Oui, parce que ça ne change pas vraiment les données du problème. À cause de notre peur de l'humiliation, bien souvent nous croyons penser comme des scientifiques, alors qu'en fait, nous raisonnons comme des avocats : nous défendons une thèse, pas parce qu'elle est vraie, mais parce que c'est la nôtre, qu'on y tient et qu'on ne veut pas perdre. [Mendax] Oh, c'est génial, la dissonance cognitive, ça explique tout ! Non, justement. Ça n'a pas vocation à tout expliquer, et c'est pour ça que c'est un concept valable.
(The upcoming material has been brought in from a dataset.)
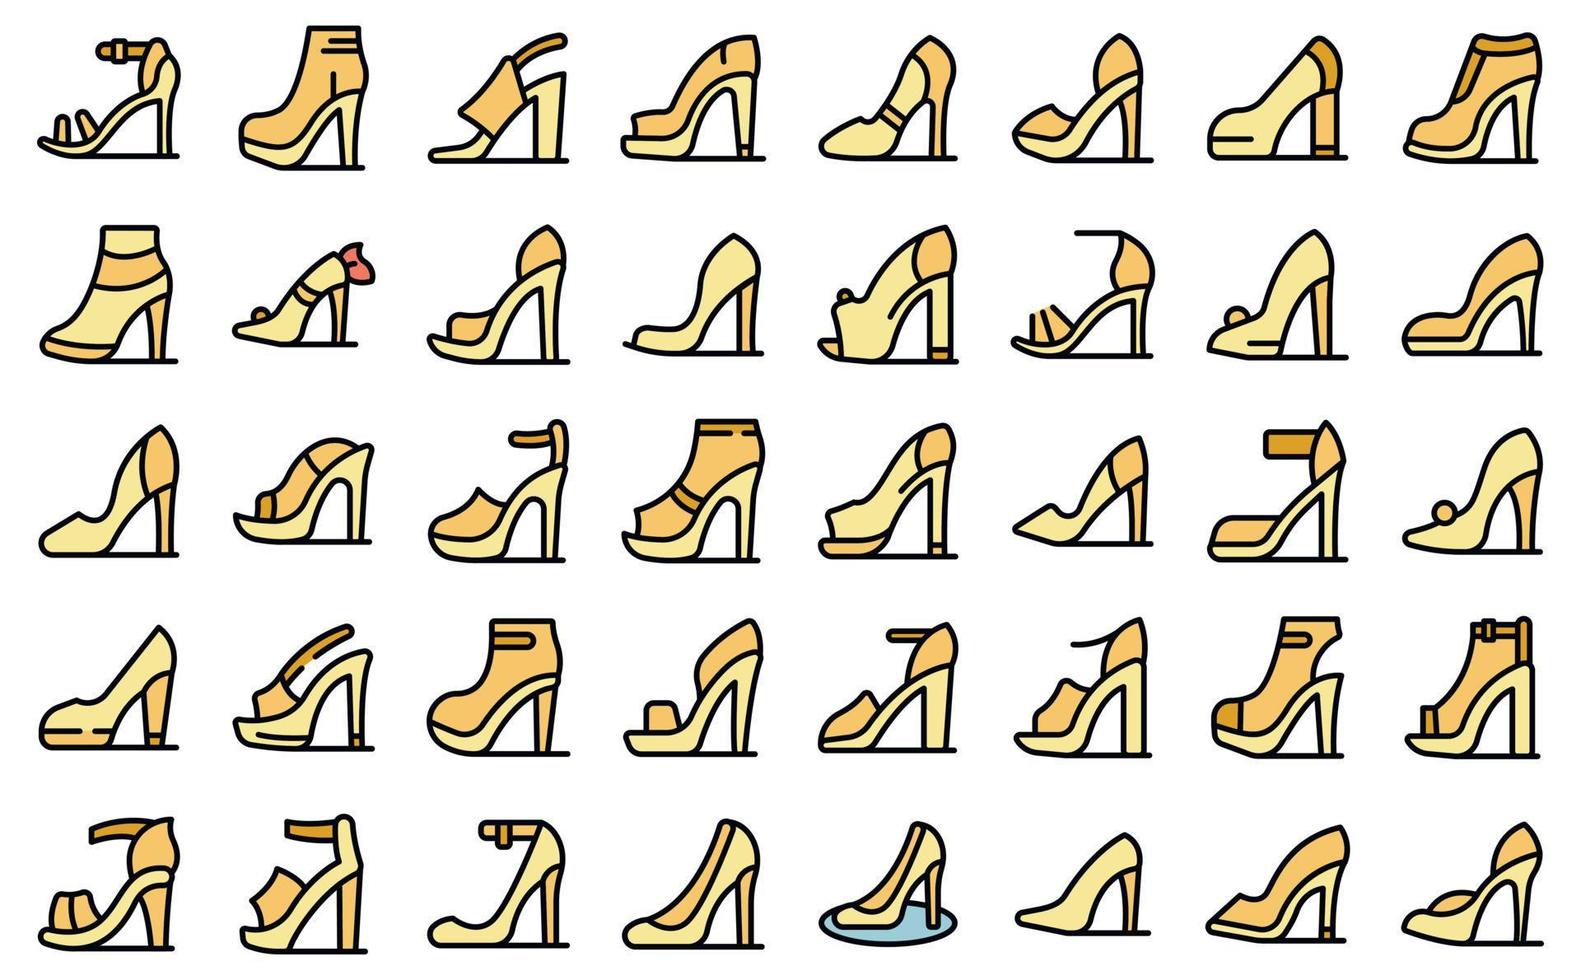 High heels woman shoes icons set vector flat
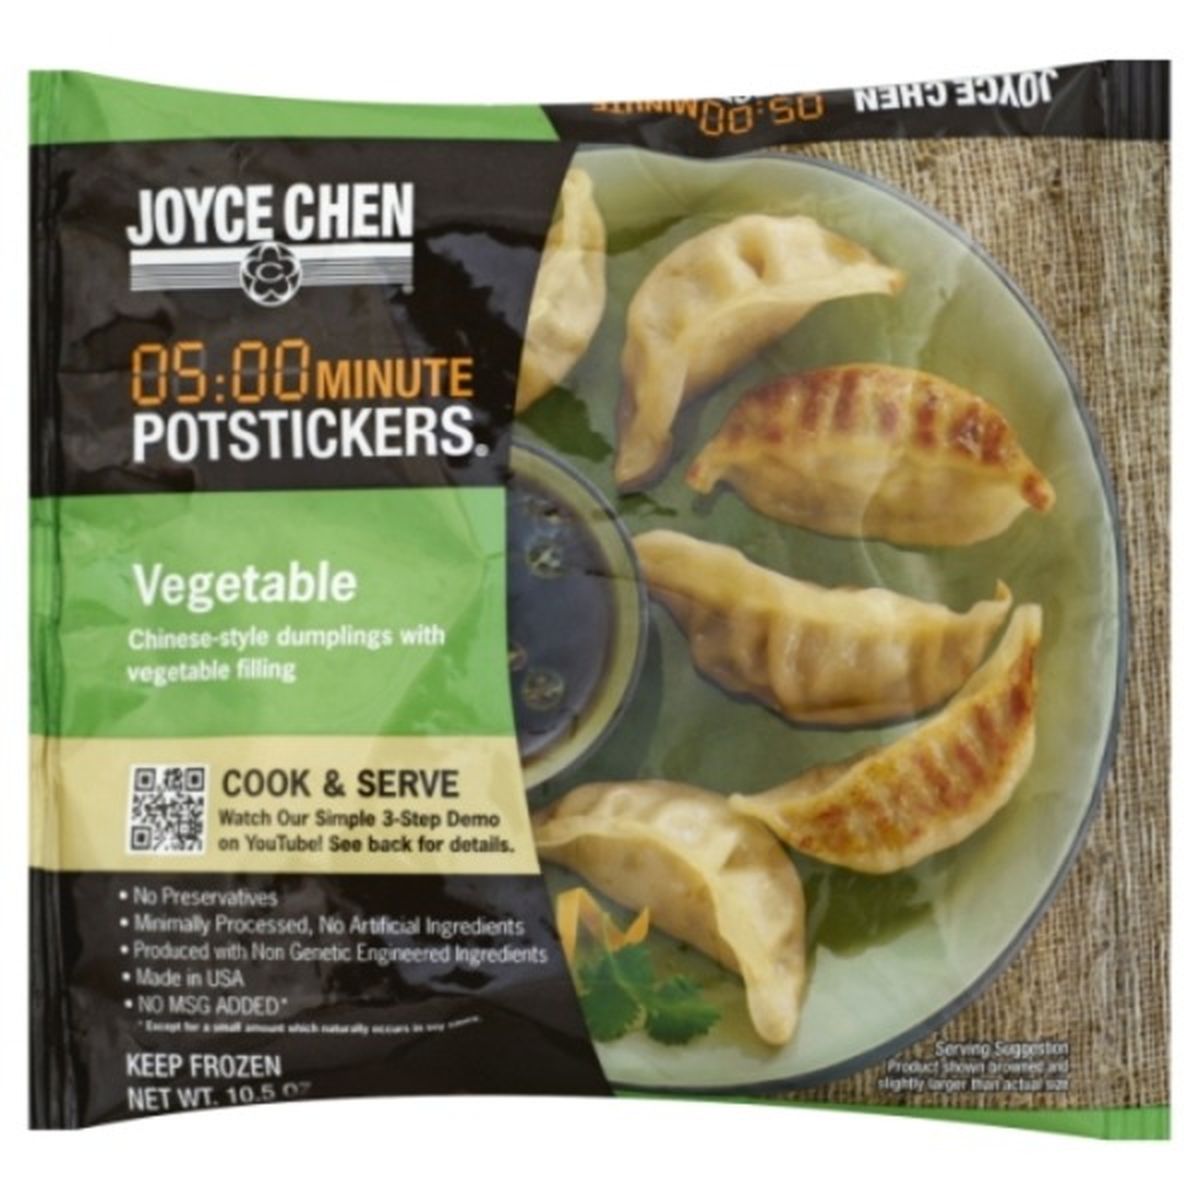 Calories in Joyce Chen Potstickers, 05:00 Minute, Vegetable

La dissonance cognitive éclaire les mécanismes par lesquels nous sommes capables de persister dans des croyances réfutées, mais pas pourquoi on se met à croire dans des choses étranges, loufoques, absurdes, arriérées ou dangereuses.

Mais il est vrai que le besoin de réduire la dissonance peut expliquer ce qui motive certaines attaques personnelles lors de débats : réduire la valeur de l'individu qui défend une opinion contraire devient un moyen de réduire la dissonance. Si j'ai de l'estime pour celui qui me contredit, je me retrouve dans une situation très inconfortable ; car l'estime, le respect que j'éprouve pour cette personne se répercute sur la valeur de ce qu'elle a à dire, des idées qu'elle défend. Si je la rabaisse, si je la compare aux nazis des heures les plus sombres de notre Histoire, j'éprouve un soulagement, j'ai souillé la personne et par une sorte d'Effet Halo j'ai en même temps ôté de la valeur aux idées qu'elle défend. [Mendax] Oh là là ! Tu es l'air tellement sûr de toi quand tu dis ça. Tu sais qui était aussi sûr de lui comme ça ? Adolf Hitler !! Merci Mendax de participer brillamment à cette démonstration.

[Mendax] Le bon côté des choses, c'est que les millions de gens qui verront cette vidéo, pourront mettre fin aux attaques « ad hominem » qui pullulent sur Internet. … J'ai comme un doute.